Matt Harvey pinstripes polaroid

This week’s trade that sent fan-favorite R.A. Dickey to the Blue Jays for two top prospects hopefully put Sandy Alderson’s plan in to focus for the remaning people who were confused about what he’s doing here. The short-term goal is to field a team with ‘a chance,’ and he’ll do that with the roster he has (plus another so-so outfielder or two). This will frustrate some people, but – at this point – especially after the trade – it should be obvious to everyone that he has his eyes set on 2014 and beyond.

This is what John Sickels of Minor League Ball said in his report on the Mets earlier this week:

“This organization has made enormous strides of late, and the addition of d’Arnaud and RHP Noah Syndergaard is frosting on the cake.  The obvious strength is pitching, and they have a lot of it. Both Wheeler and Syndergaard are potential top-of-the-rotation starters, backing up the now-graduated Matt Harvey who was everything that could have been expected last summer and more. Hard-throwers dot the rosters.”

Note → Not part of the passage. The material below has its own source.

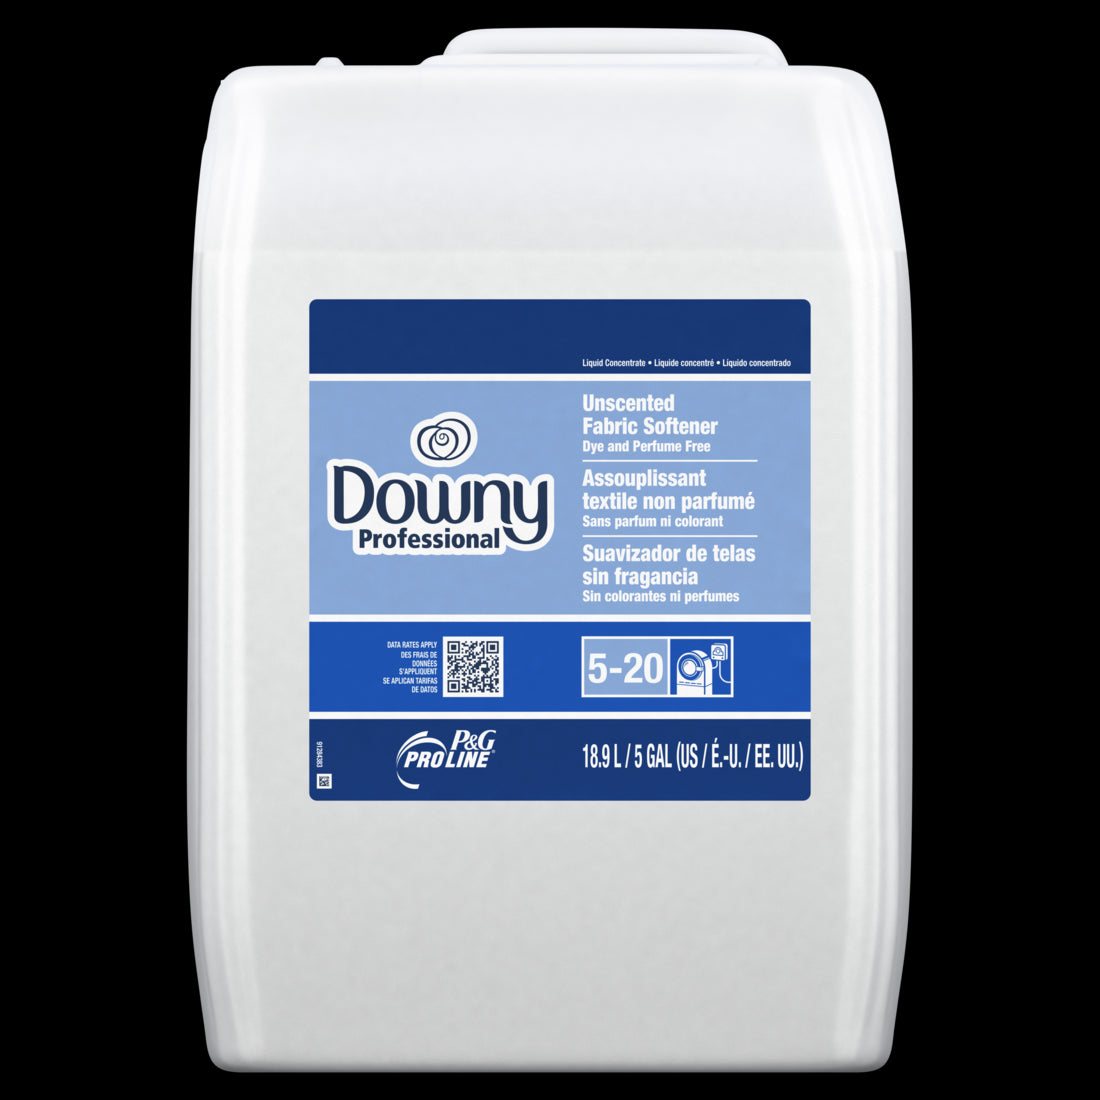 P&G ProLine Downy Professional Fabric Softener Unscented Closed Loop 5 Gallon - 18.9L/1pk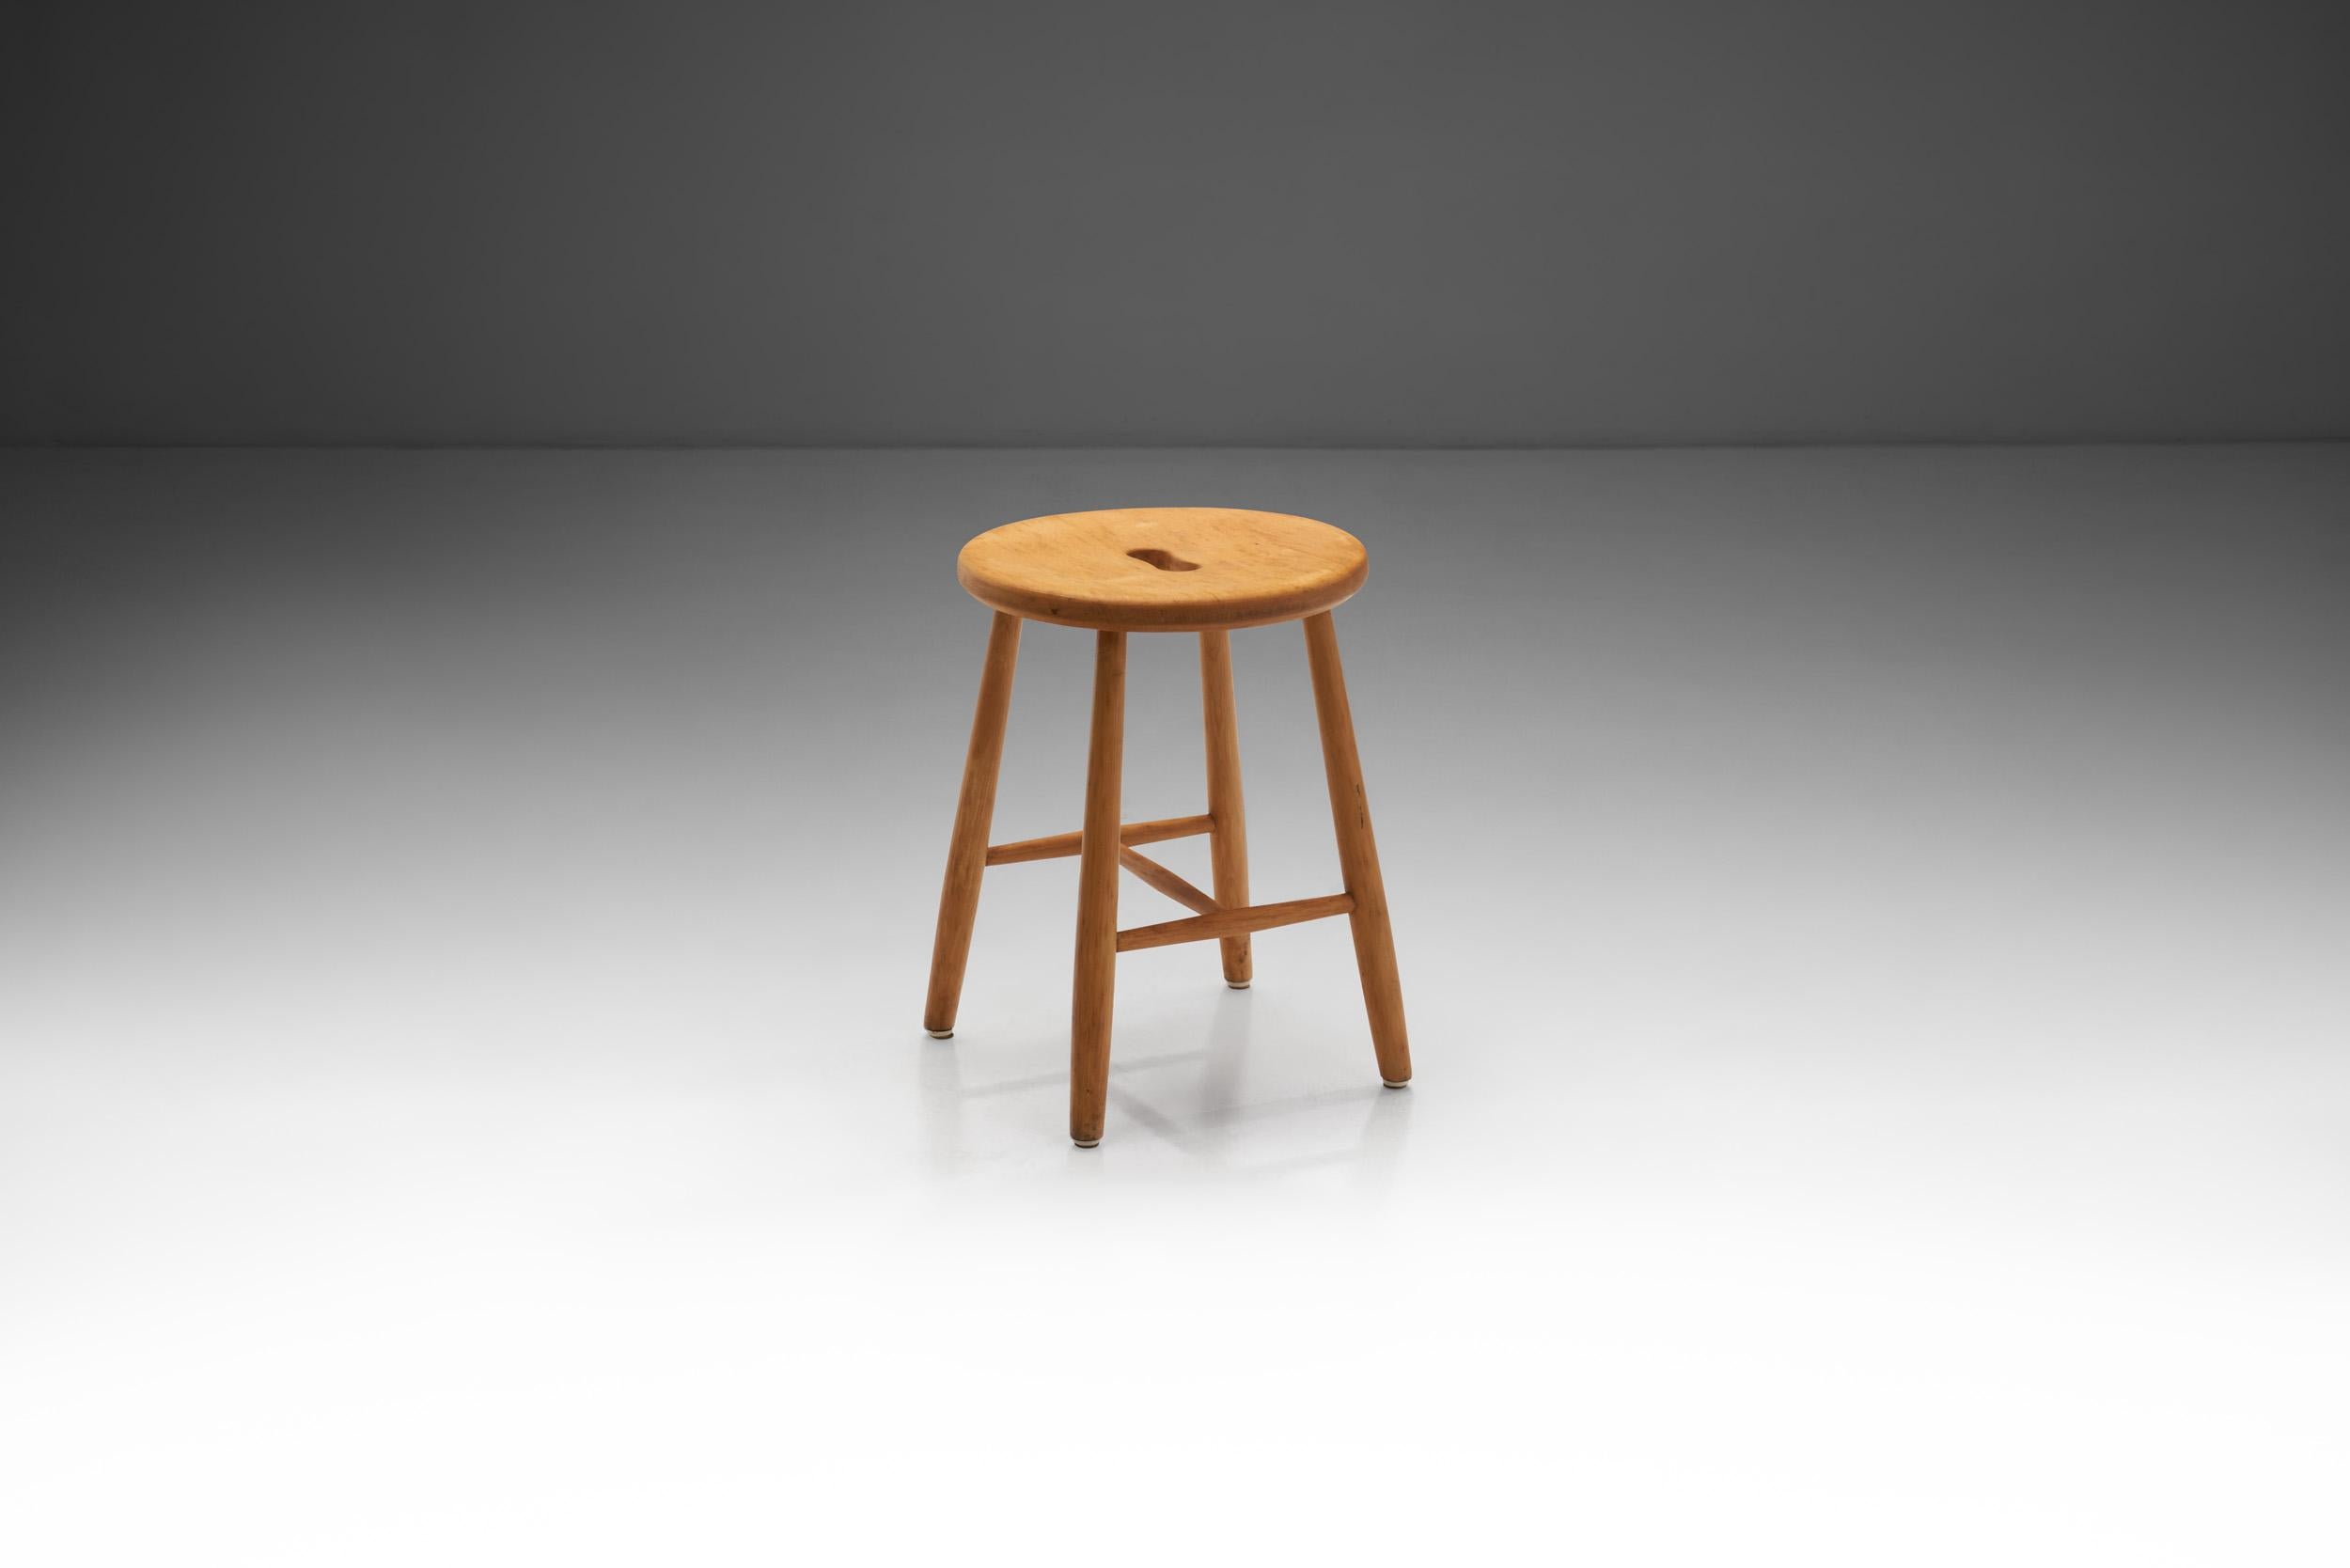 Designed by Børge Mogensen in 1955, the “J27” stool remains a solid and practical piece. With a multitude of purposes, form and function remain at the forefront of this design. Almost everyone in Denmark has experienced Børge Mogensen’s designs –

I bet Alderson fantasizes about winning a World Series in the next five years with a rotation of Jon Niese, Harvey, Wheeler, Syndergaard and Dillon Gee, all home grown, all under team control. And if one of them, or one of Jeurys Familia, Michael Fulmer, Domingo Tapia, Luis Mateo or Rafael Montero, fails or doesn’t step up, he can sign a free agent or two to fill in (considering David Wright and Niese are the only players on the current roster signed to long-term deals). Like the San Francisco Giants have done the last three years (during which they’ve won two World Series with essentially the same pitching staff, but two totally different lineup), this sort of scenario means Alderson can mix and match his offense based on trends, his budget, farm system and the free agent and trade markets. Time will tell if it pans out right, but for the first time in a long, long time, I can legitimately look down the line and see a pitching staff I expect to have confidence in.